Thoughts on the Paper

What really interested me about this approach to text classification is that it is completely domain agnostic. Based on my understanding, the domain is usually important when trying to perform NLP tasks using machine learning, as words mean different things given different contexts. In order to account for this, the popular approaches of recent times have been to create vector word embeddings (e.g. representing a word in a high dimensional vector space). This allows words that are different yet share similar semantics to be placed near each other in this vector space.
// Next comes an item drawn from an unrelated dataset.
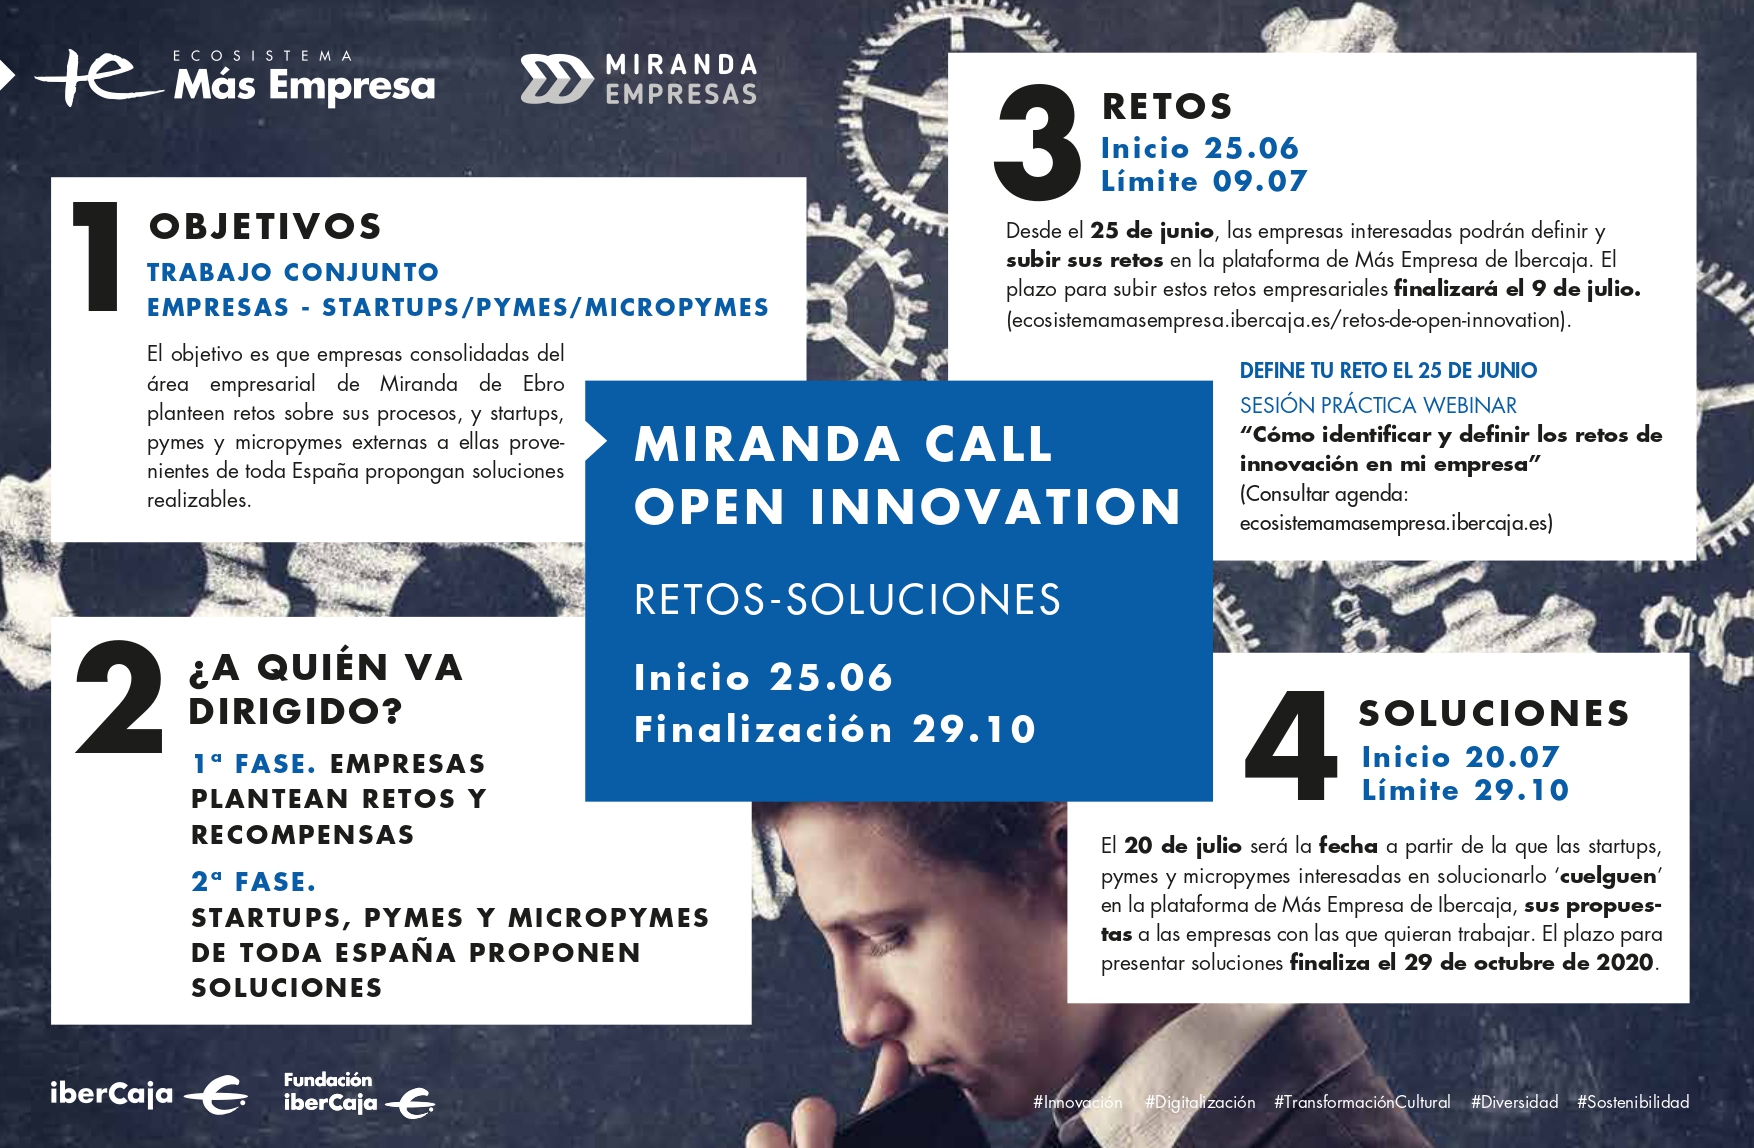 ‘Miranda Call Open Innovation’, una llamada al trabajo conjunto entre empresas y startups / pymes / micropymes
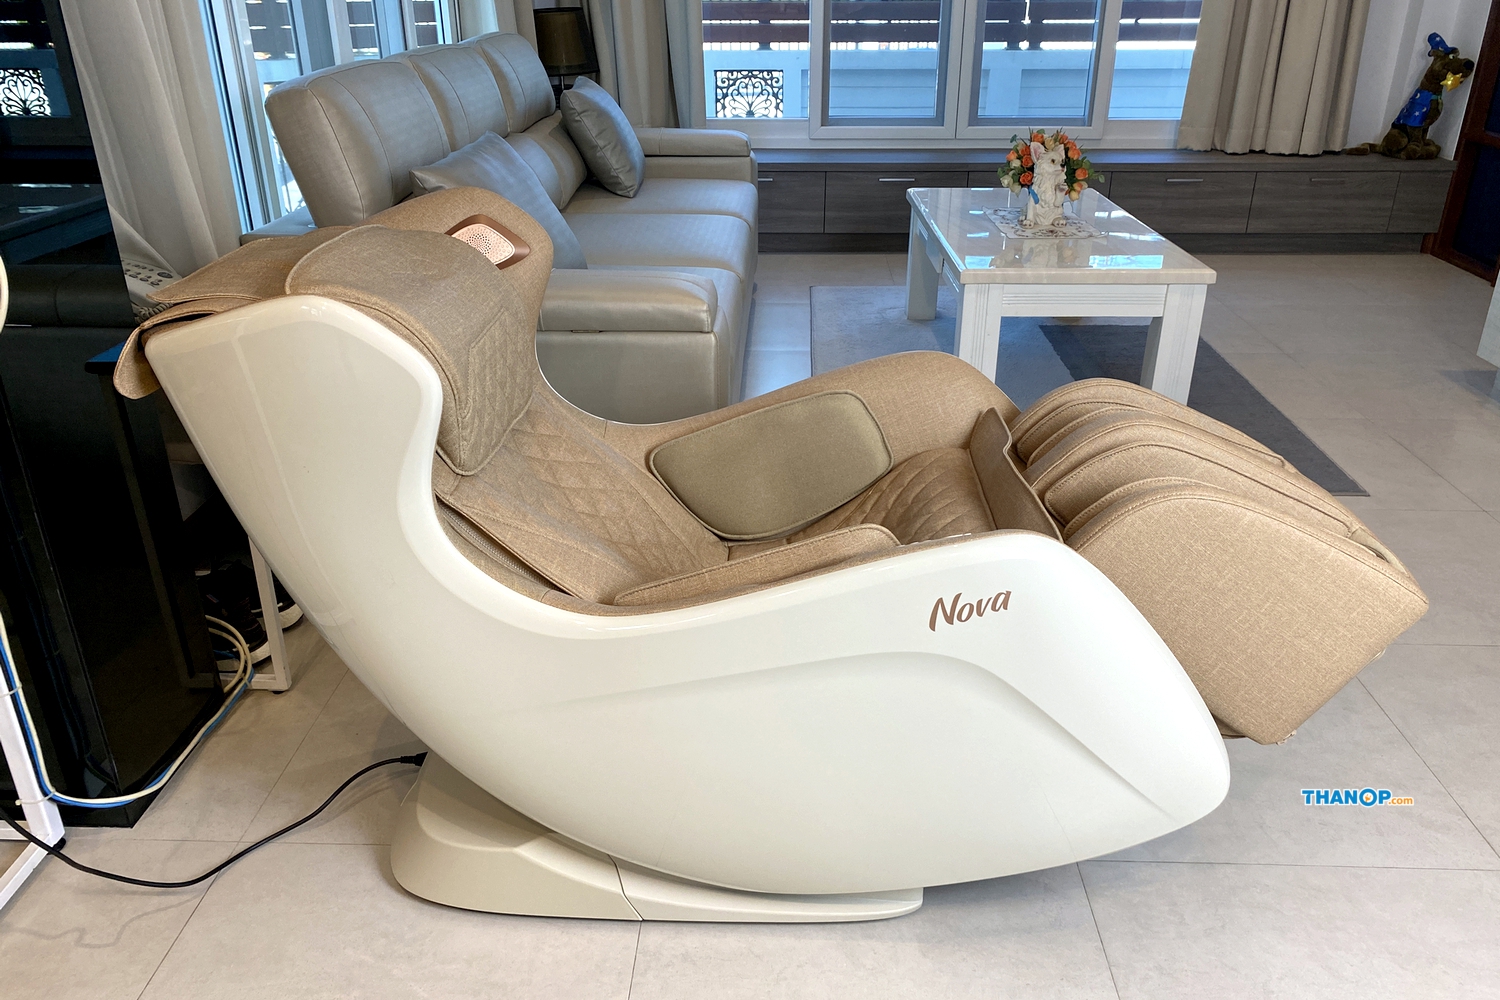 rester-nova-oi2218a-backrest-fully-reclined

It is then possible to use linear algebra to calculate things like “similarity” metrics between words.

However, the approach that this paper uses is a CNN that learns words from the character level upwards. Presumably, if given enough training data it will infer not only the relationships between characters, words and sentences, but also the implicit semantic relationships of any given domain that it is trained in to allow to do well at the classification task.

Although, in theory this all sounds very exciting, reading the paper does not reveal any real evidence that this is the case. We as humans require this to happen for us to be able to classify texts, but that’s not to say a machine would need to work in the same way. It may well just be a well stirred (but not shaken) slush pile of linear algebra.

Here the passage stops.